_Problem statement_:
In the data below, begin at the line with "Big Bill Broonzy" and stop after the line with "8-episode season tomorrow"; output those lines exactly and no pictures.

_Entries provided_:
________________

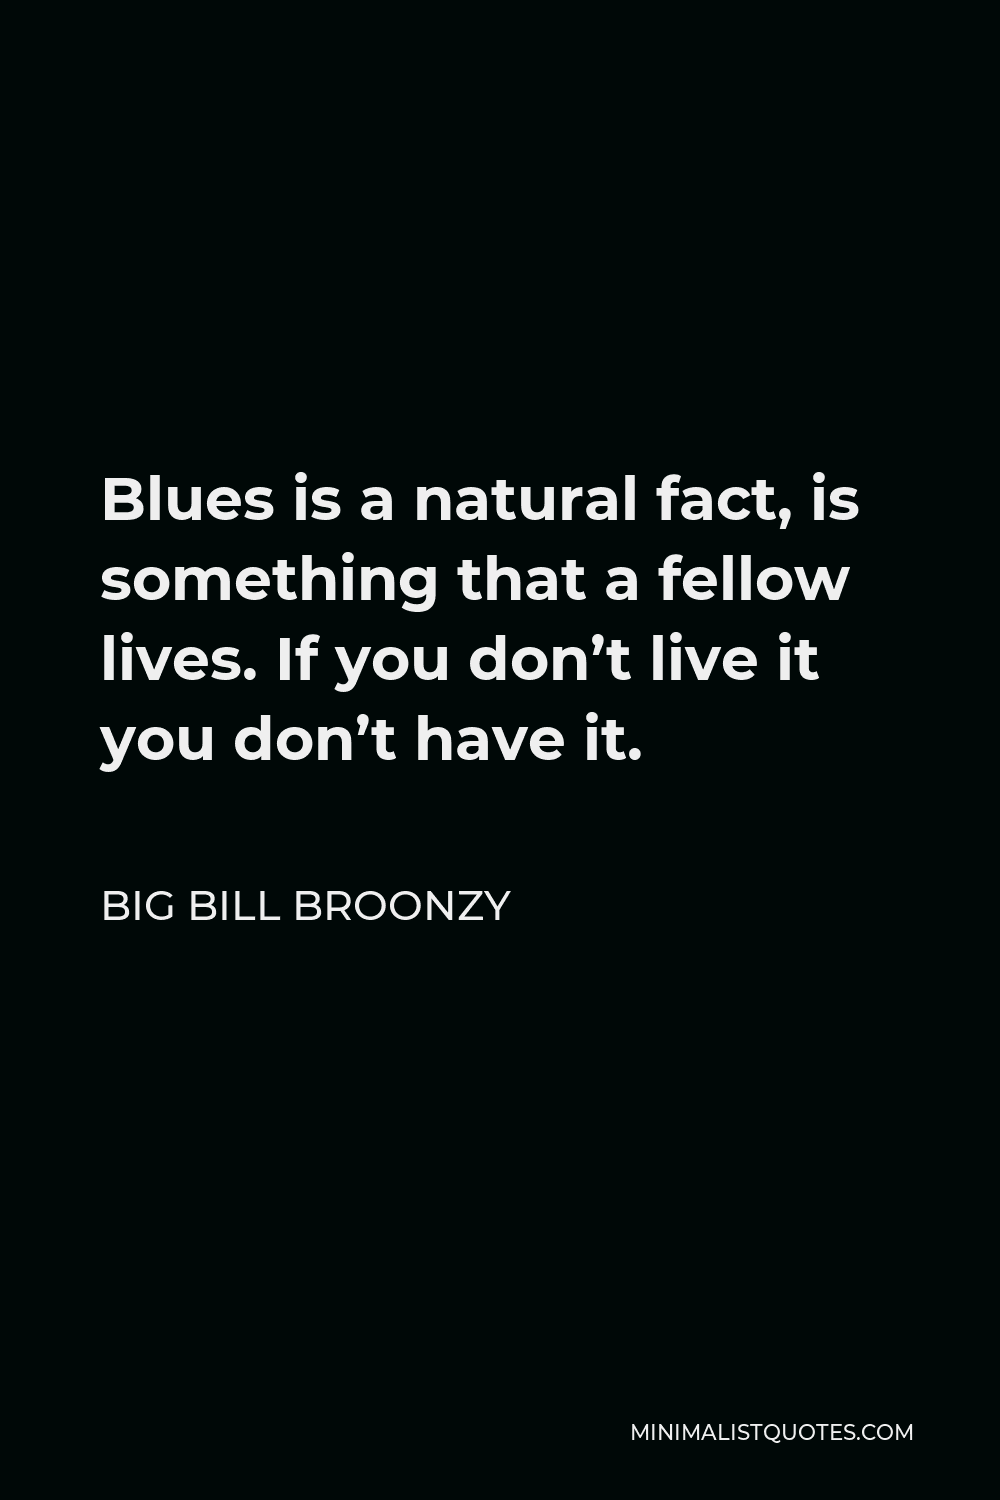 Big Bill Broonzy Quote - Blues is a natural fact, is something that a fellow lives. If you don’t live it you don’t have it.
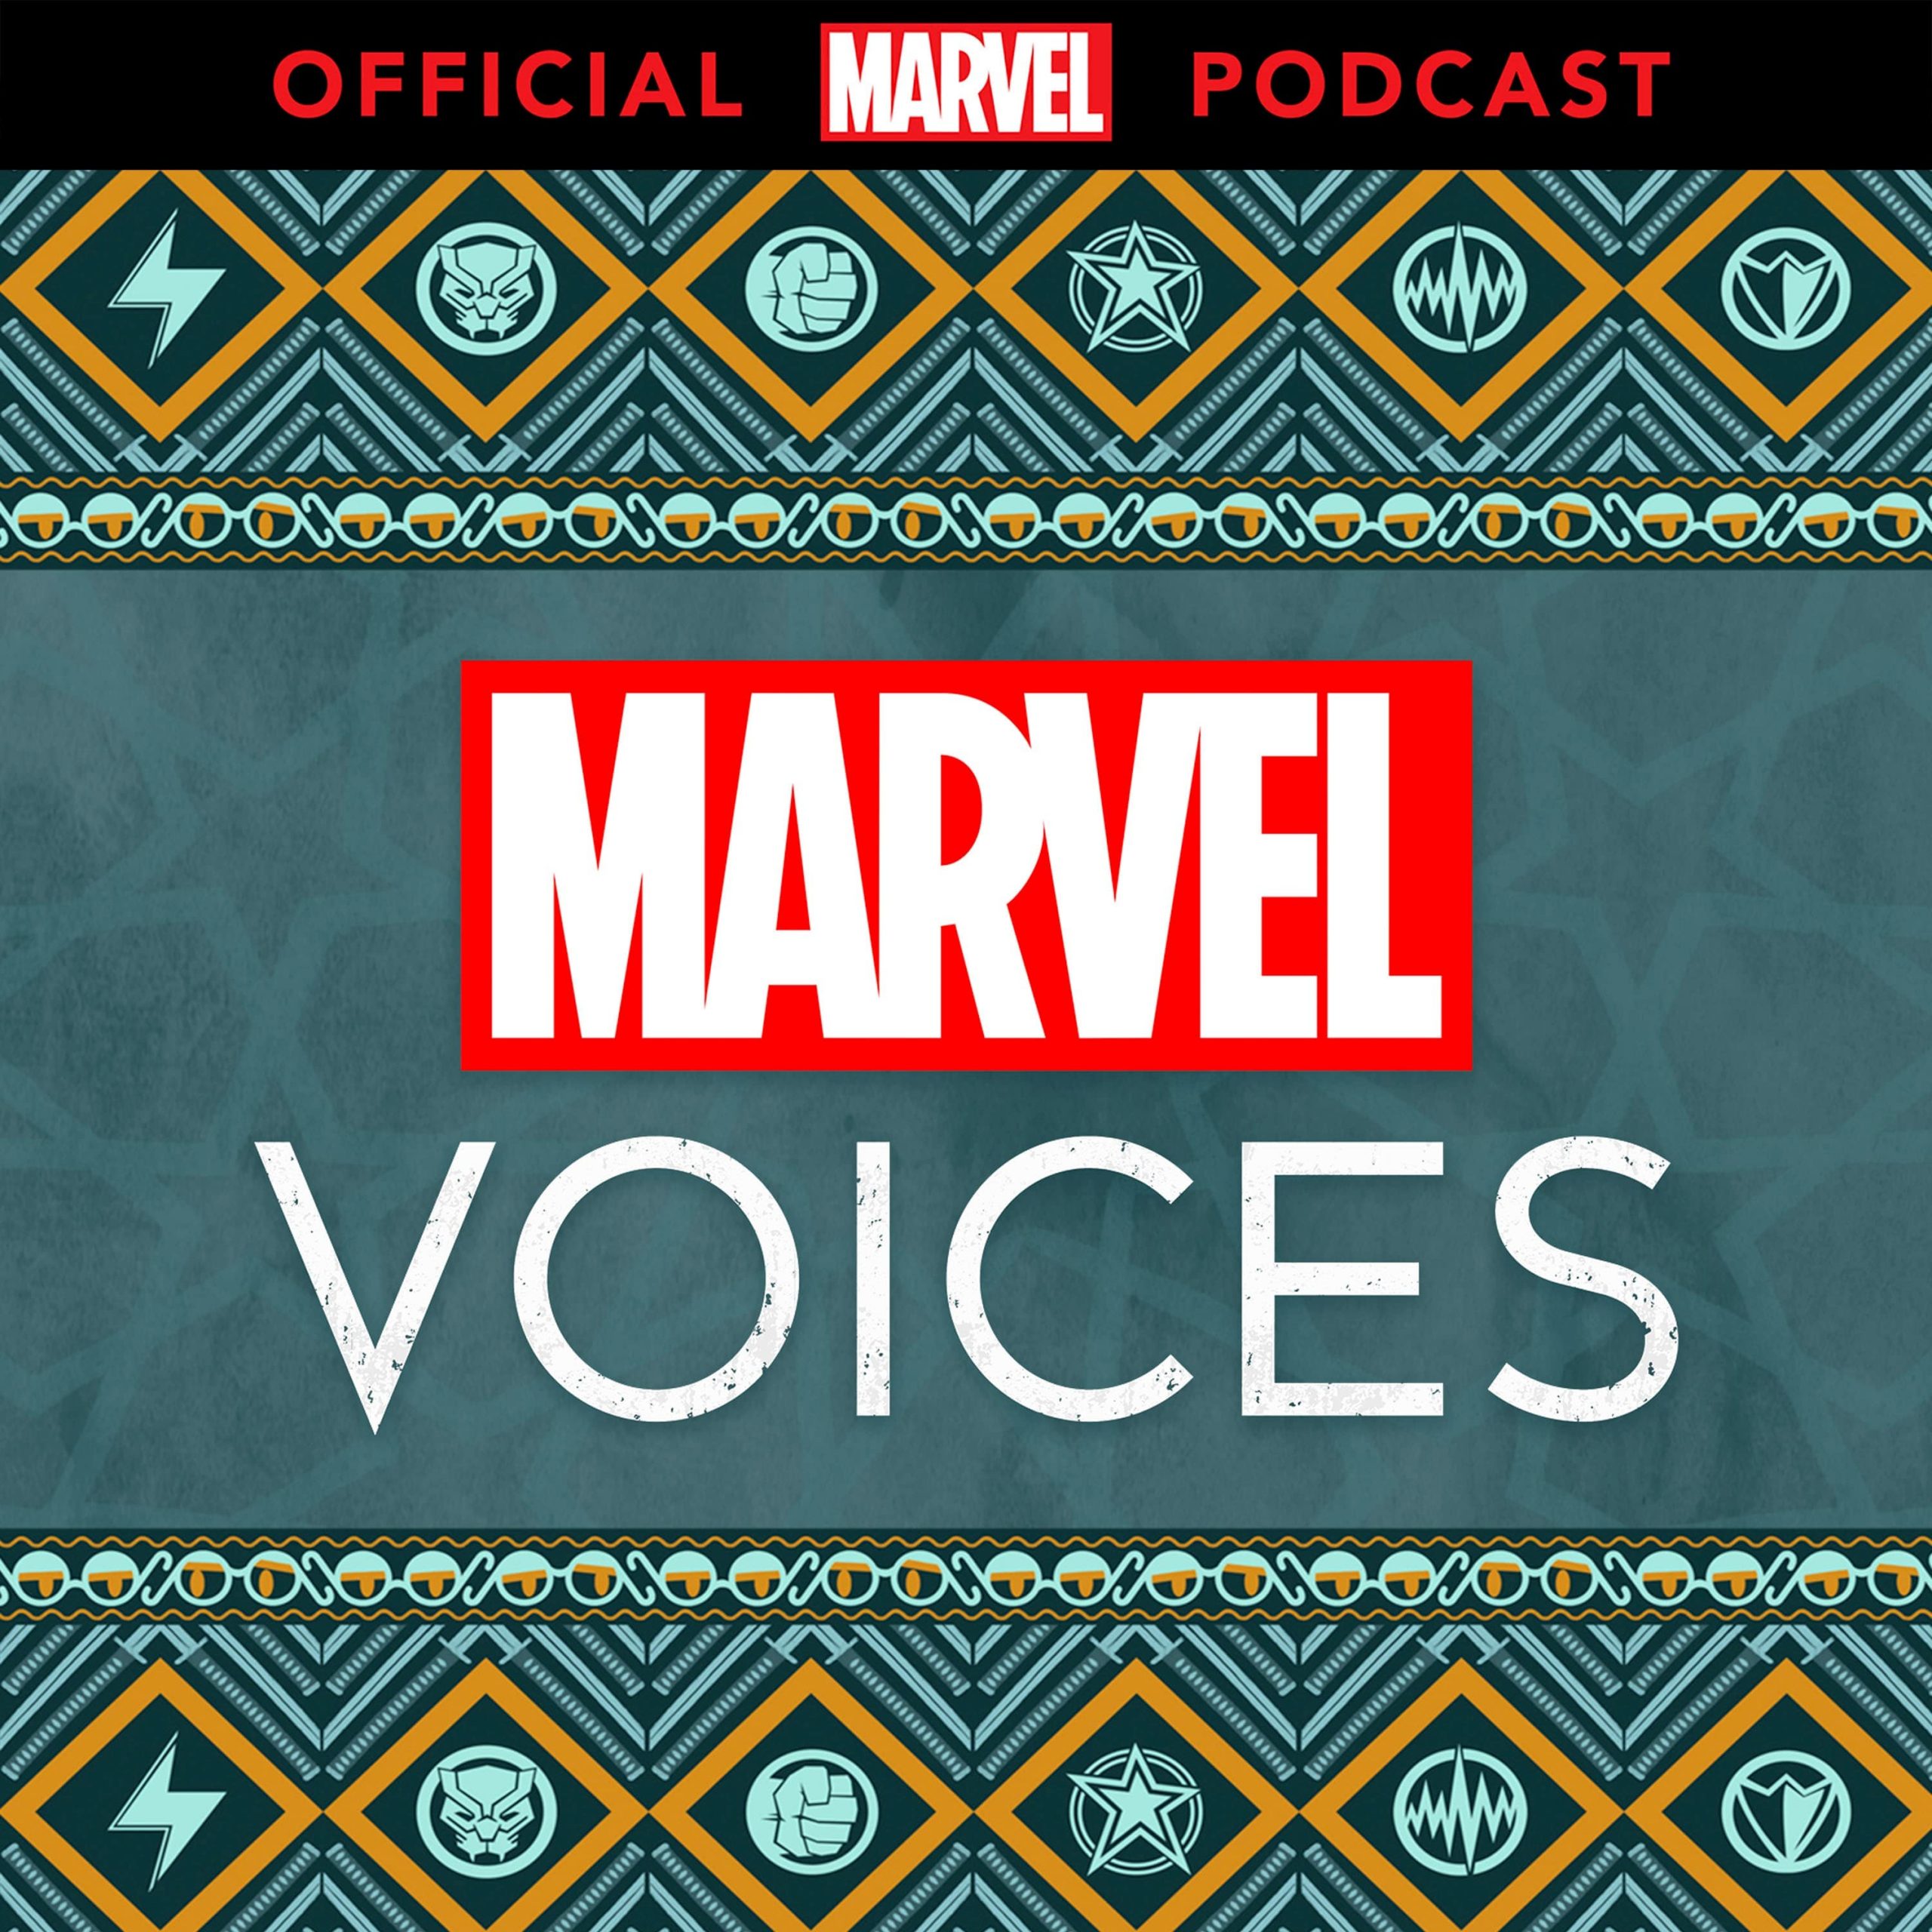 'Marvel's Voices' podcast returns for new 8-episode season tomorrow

________________

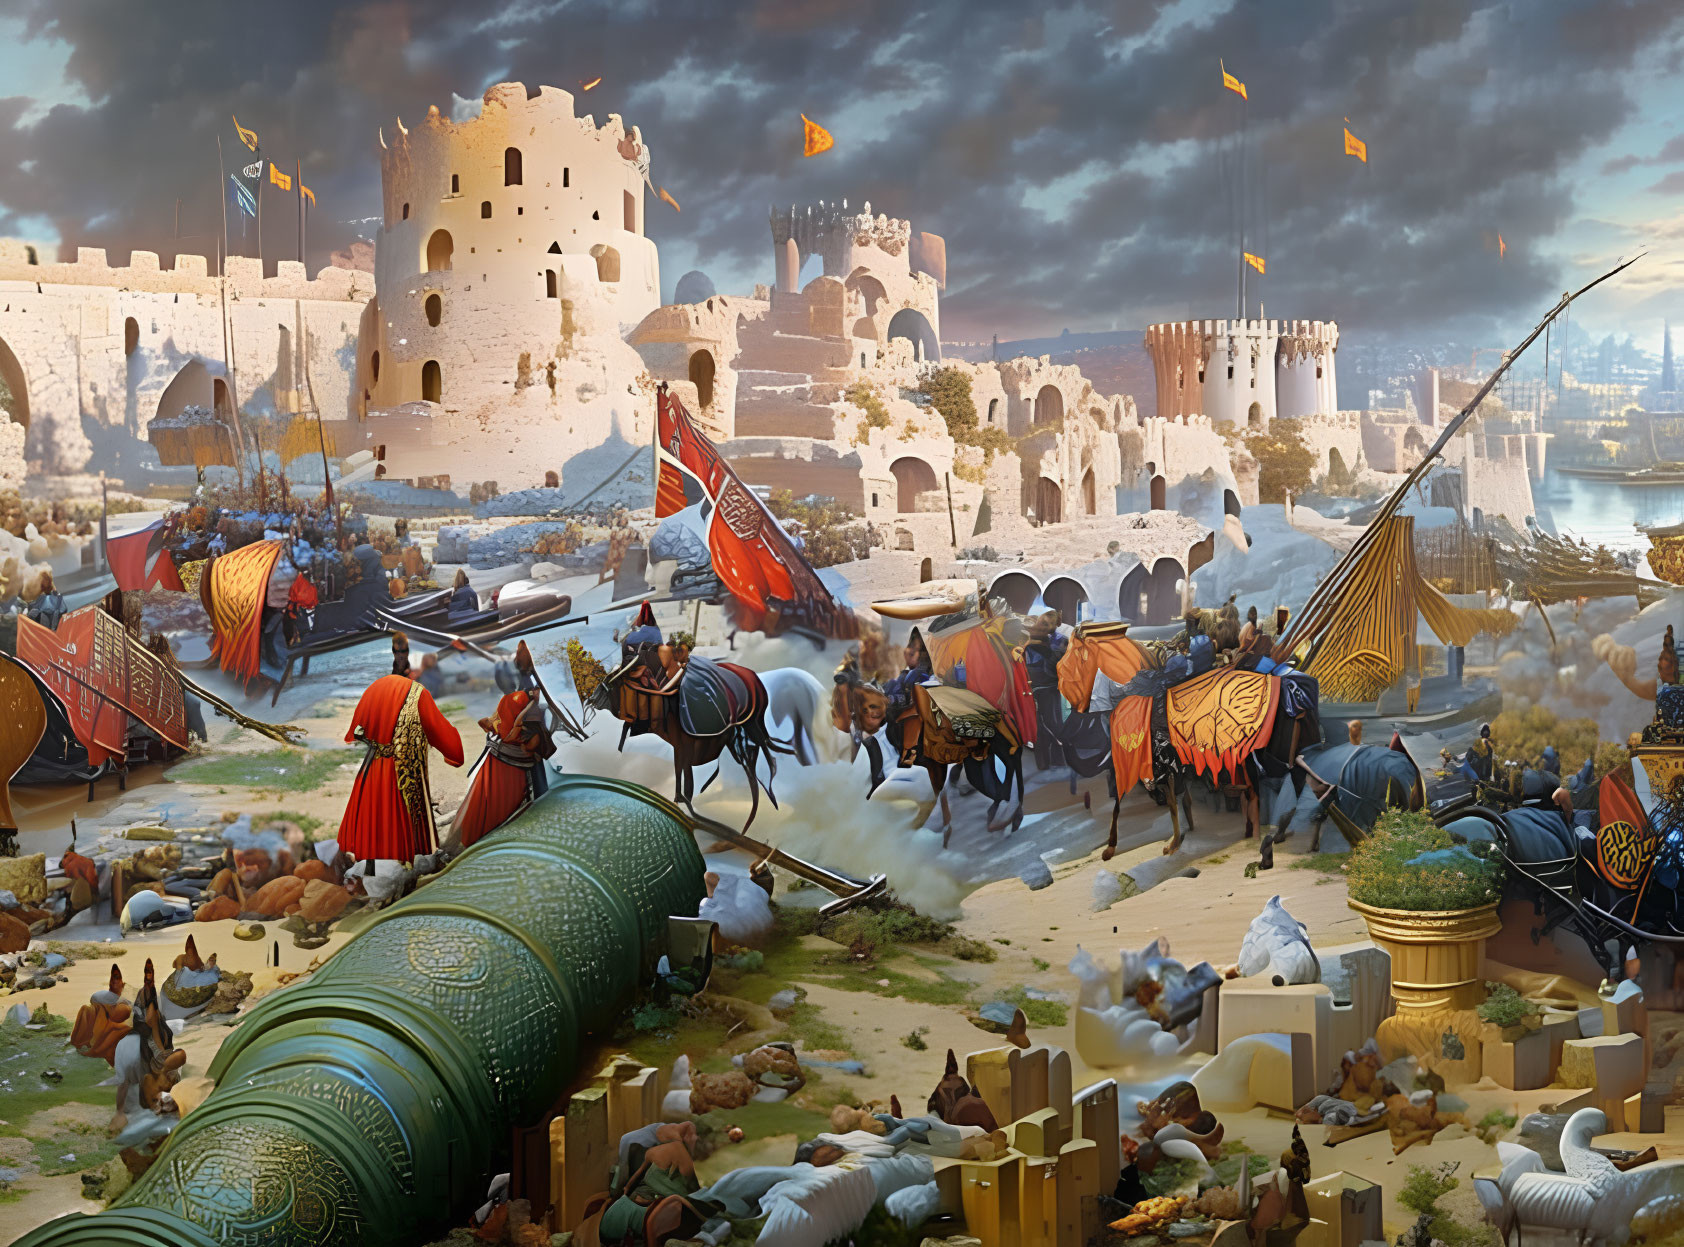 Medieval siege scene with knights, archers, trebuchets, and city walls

________________

_Completed exercise_:
 Big Bill Broonzy Quote - Blues is a natural fact, is something that a fellow lives. If you don’t live it you don’t have it.
 'Marvel's Voices' podcast returns for new 8-episode season tomorrow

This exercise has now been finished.